§ **Task statement**
Transcribe all of the data exactly. Omit the pictures.

Collected data below:

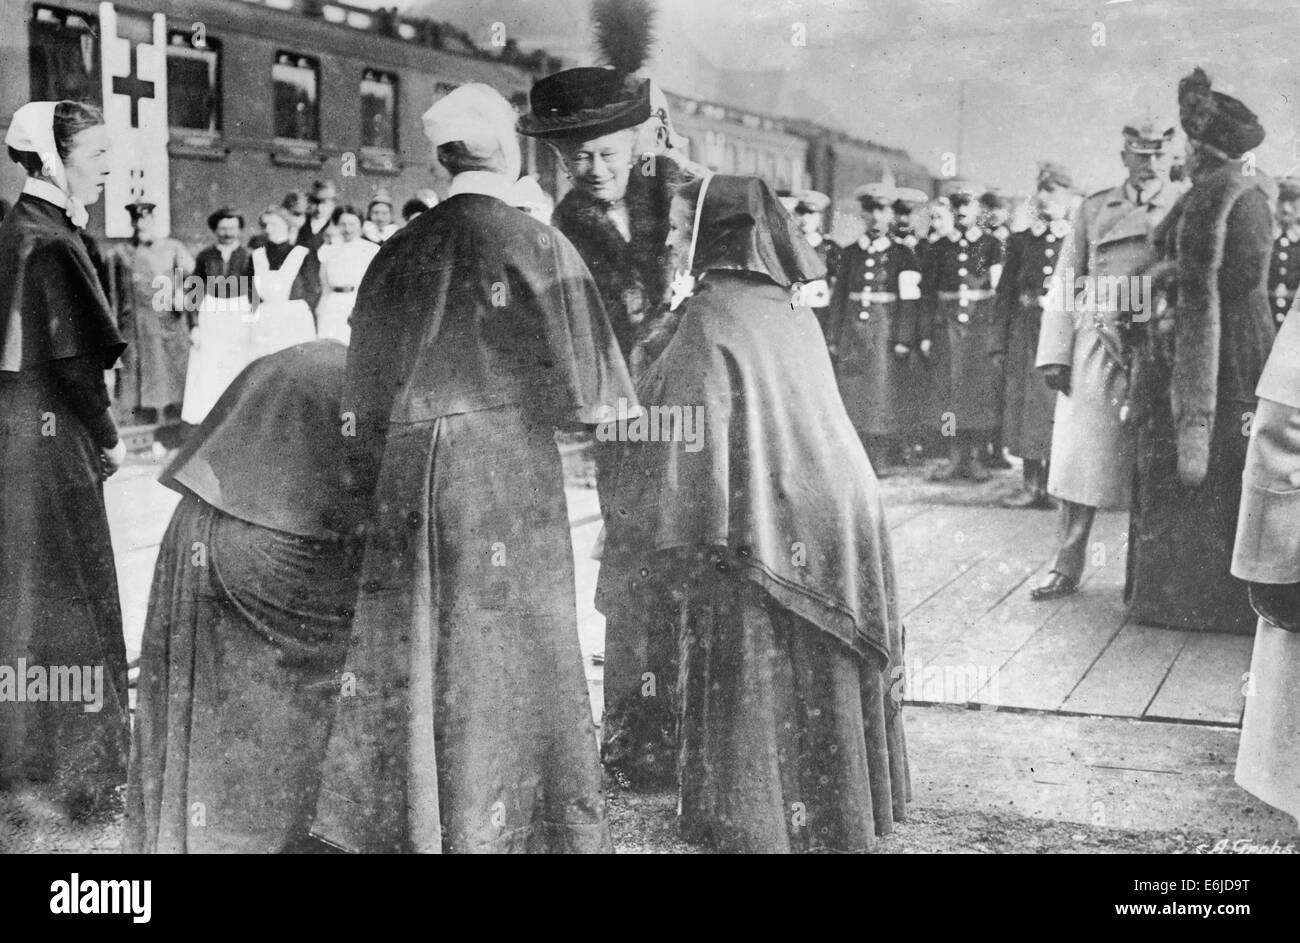 Kaiserin di addio alla Croce Rossa sorelle - Kaiserin Augusta Victoria di Schleswig-Holstein (1858-1921), moglie di Guglielmo II di Germania, in corrispondenza di una stazione ferroviaria con le suore durante la I guerra mondiale, circa 1915 Foto Stock
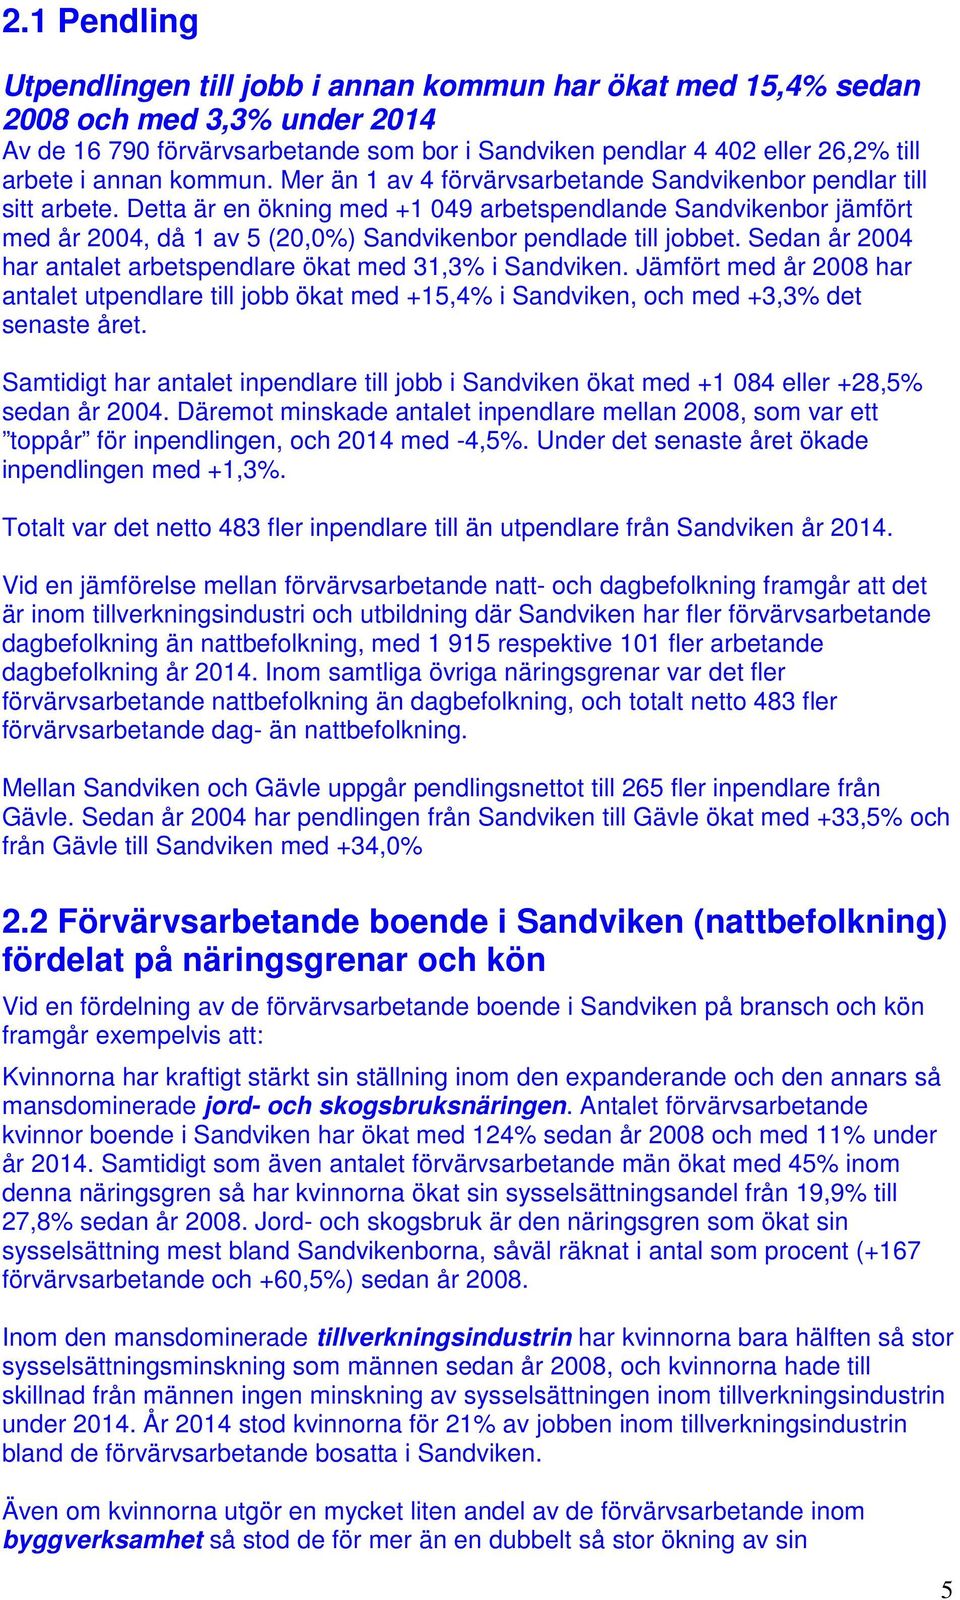 Detta är en ökning med +1 049 arbetspendlande Sandvikenbor jämfört med år 2004, då 1 av 5 (20,0%) Sandvikenbor pendlade till jobbet.
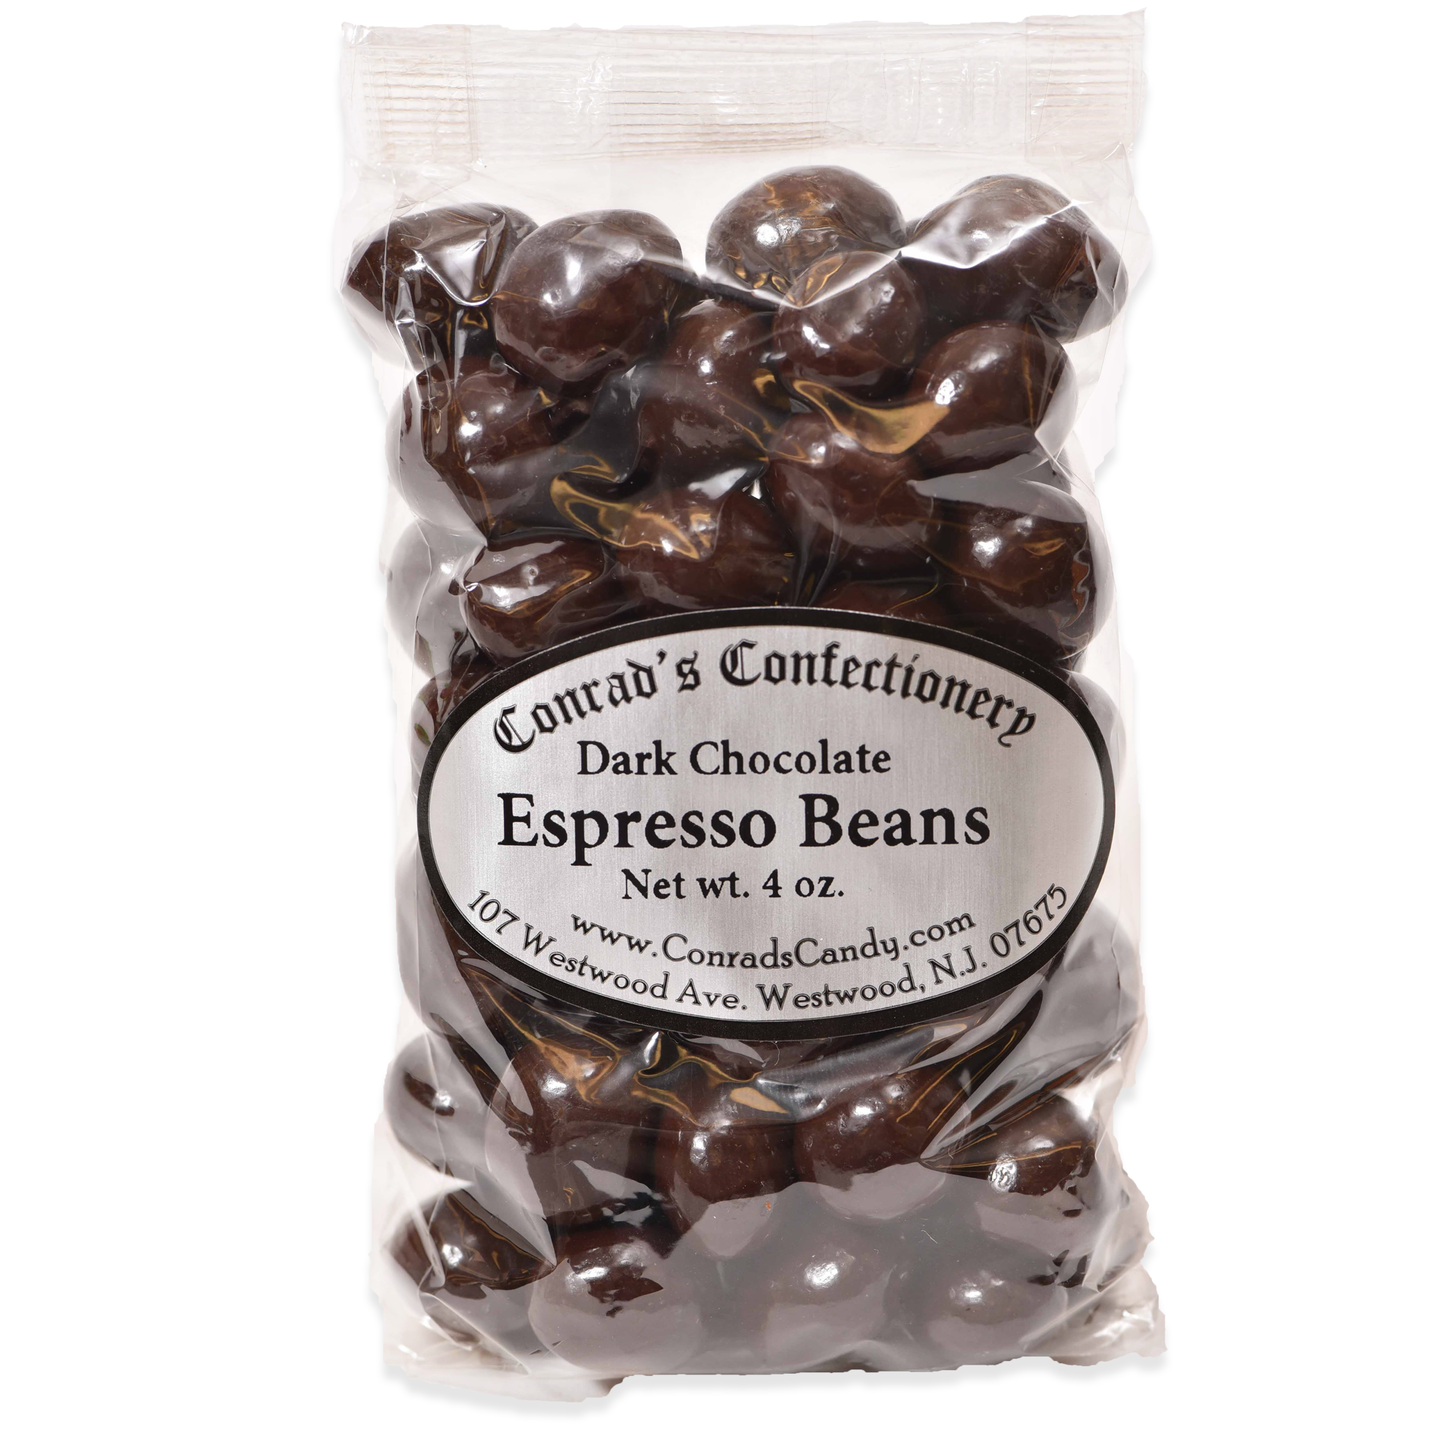 Dark Chocolate Espresso Beans- 4 oz bag

End of Collected data.

§ **Response to the exercise**
 Kaiserin di addio alla Croce Rossa sorelle - Kaiserin Augusta Victoria di Schleswig-Holstein (1858-1921), moglie di Guglielmo II di Germania, in corrispondenza di una stazione ferroviaria con le suore durante la I guerra mondiale, circa 1915 Foto Stock
 Detta är en ökning med +1 049 arbetspendlande Sandvikenbor jämfört med år 2004, då 1 av 5 (20,0%) Sandvikenbor pendlade till jobbet.
 Dark Chocolate Espresso Beans- 4 oz bag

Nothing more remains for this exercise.